A policy routine is a function or set of functions of a block device driver that interacts with a hardware block device to satisfy requests assembled in a dispatch queue. Strategy routines can be called through the request_fn method in the request queue descriptor - such as the foo_strategy() function introduced in the previous section. The I/O scheduler layer passes the address of the request queue descriptor q to this function. As mentioned earlier, the policy routine is usually started after a new request is inserted into an empty request queue. As long as the block device driver is activated, all requests in the queue should be processed until the queue is empty. The simple implementation of the policy routine is as follows: for each element in the scheduling queue, it interacts with the block device controller to service the request, waits until the data transfer is completed, and then deletes the serviced request from the queue and continues to process the schedule. The next request in the queue. This implementation is not very efficient. Even assuming that DMA can be used to transfer data, the policy routine must suspend itself while waiting for the I/O operation to complete. This means that the policy routine should be executed on a dedicated kernel thread (we don't want to penalize unrelated user processes). Furthermore, such drivers cannot support modern disk controllers that can handle multiple I/O data transfers at once. Therefore, many block device drivers adopt the following strategy:

  1. The policy routine handles the first request in the queue and sets up the block device controller so that an interrupt can be generated when the data transfer is complete. The policy routine then terminates.
  2. When the disk controller generates an interrupt, the interrupt controller calls the policy routine again (usually directly, sometimes by activating a work queue). The policy routine either initiates another data transfer for the current request, or when all data blocks for the request have been transferred, removes the request from the dispatch queue and starts processing the next request.
    The request is composed of several bio structures, and each bio structure is composed of several segments.
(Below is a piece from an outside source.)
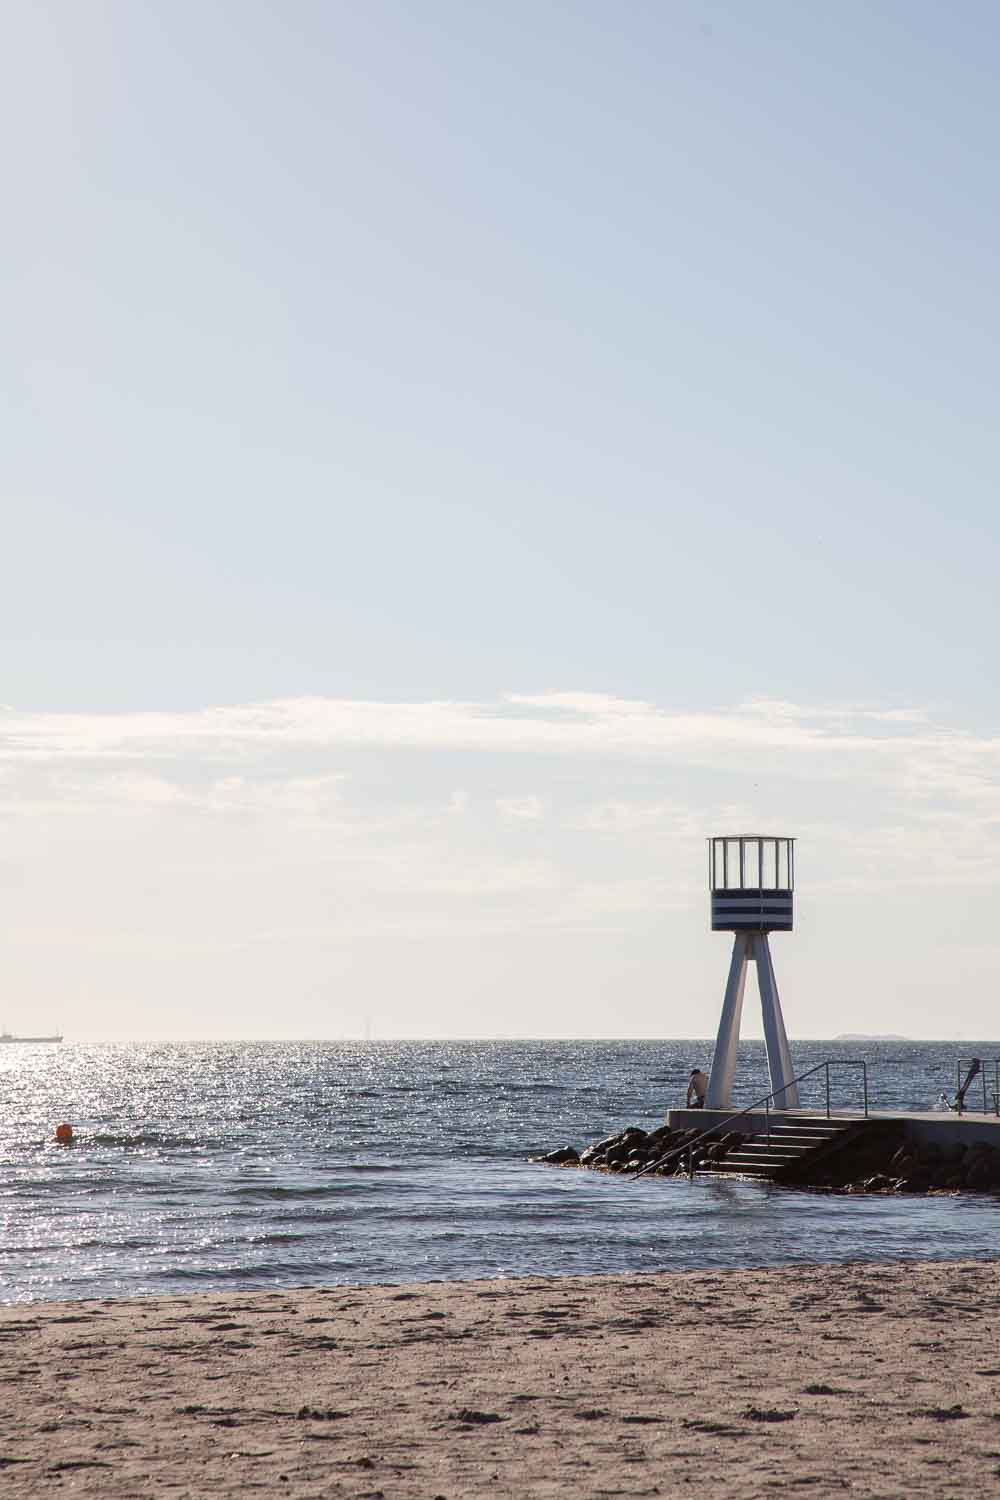 Inkunabel modernistischer Architektur. Arne Jacobsen gestaltete den Rettungsturm für ein Strandbad vor Kopenhagen.

Basically, block device drivers use DMA in two ways:
  3. The driver establishes different DMA transfer methods to service each segment in each bio structure requested.
  4. The driver establishes a single scatter-gather DMA transfer to service all segments in all requested bios.
    Finally, the design of device driver policy routines depends on the characteristics of the block controller. Each physical block device has inherent characteristics that differ from other physical block devices (for example, a floppy disk driver groups blocks on a track into tracks, and a single I/O operation transfers the entire track), so it is important for the device driver to It doesn't make much sense to make general assumptions about how each request should be serviced.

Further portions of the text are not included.